In terms of data quality, just two of 166 samples attempted, with our 62 participants using their own devices and various types of Internet connections for video chat, had poor audio quality that precluded transcription and analysis. This rate of 1.2% unusable samples is similar to or better than previous telepractice research (1/23 or 4.3% unusable sample rate in Sutherland et al., 2017). Of usable samples, the percent of utterances with intelligible audio signal was slightly higher during in-person samples; however, the mean of the video chat samples was above 96% in both between- and within-subject analyses. This suggests that, although researchers should be mindful of collecting a long enough sample to yield at least 50 intelligible and complete utterances, there is not substantial data loss from the video chat method in the vast majority of cases.

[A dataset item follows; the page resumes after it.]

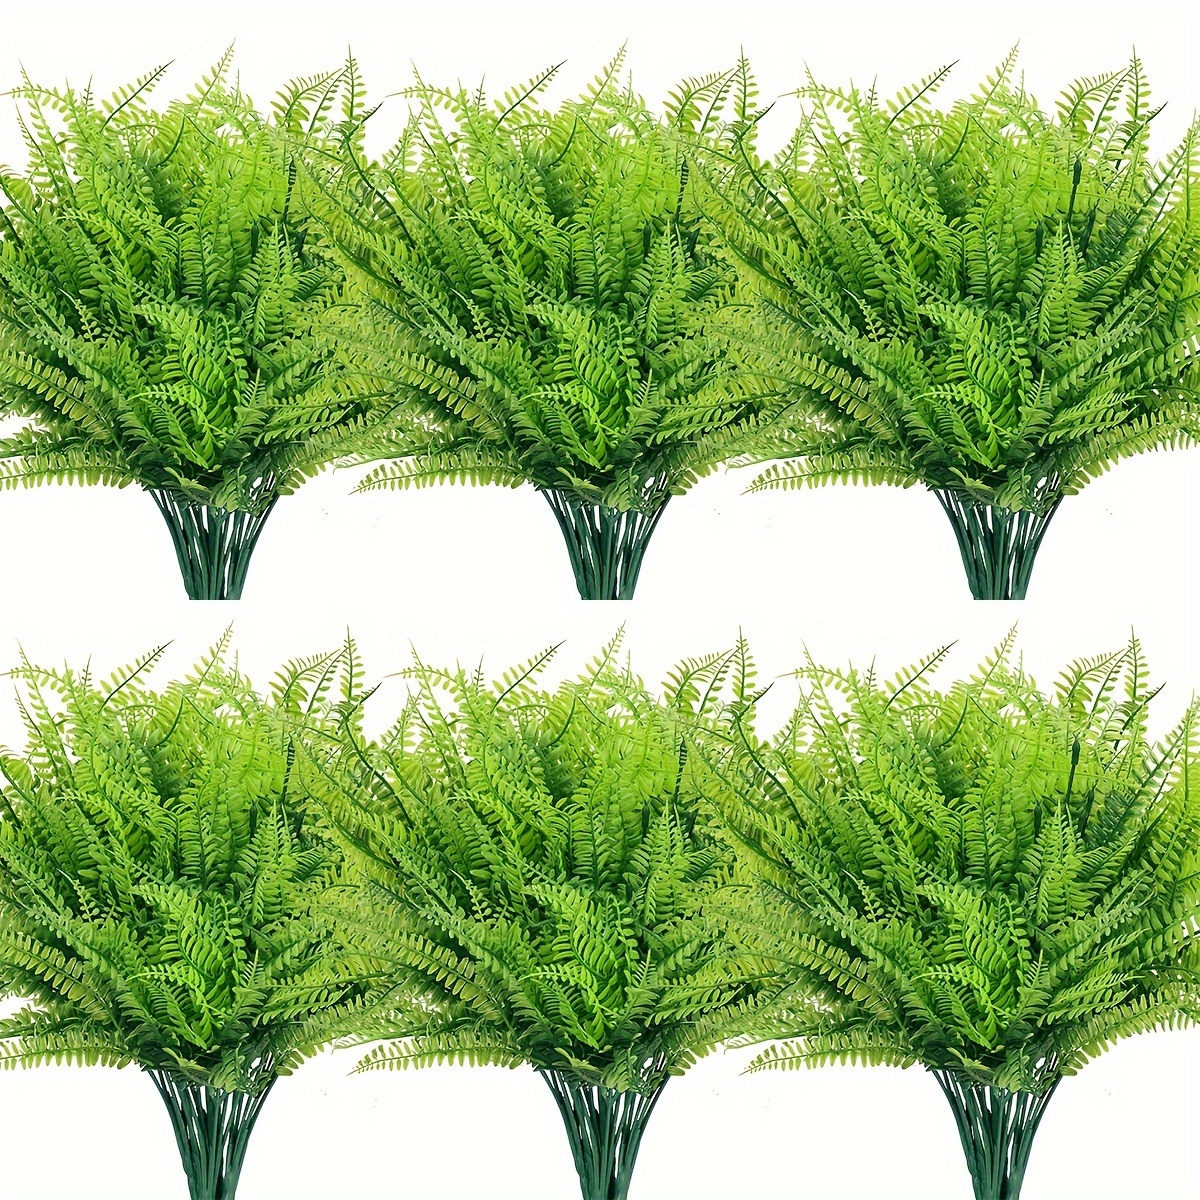 

10 Bundles Artificial Ferns Uv Resistant Greenery Plants Faux Plastic Plants Shrubs For Garden Front Porch Window Box Home Office Indoor Outdoor Decoration

Child language measures were also highly comparable between methods. Group mean MLU was identical for the within-subjects comparison of two in-laboratory in-person samples with two video chat samples each collected 3–4 weeks later. For the between-subjects analysis, the video chat group mean (1.75) was slightly higher than the mean of the in-person group (1.69); small numerical differences in MLU of 0.02–0.16 exist even when the exact same language samples are transcribed/analyzed using different software (Pezold et al., 2020). The transcription reliability observed for both video chat and in-person language samples in this study also aligns with existing studies that focus on transcriptions of toddler language (Hadley, 1998).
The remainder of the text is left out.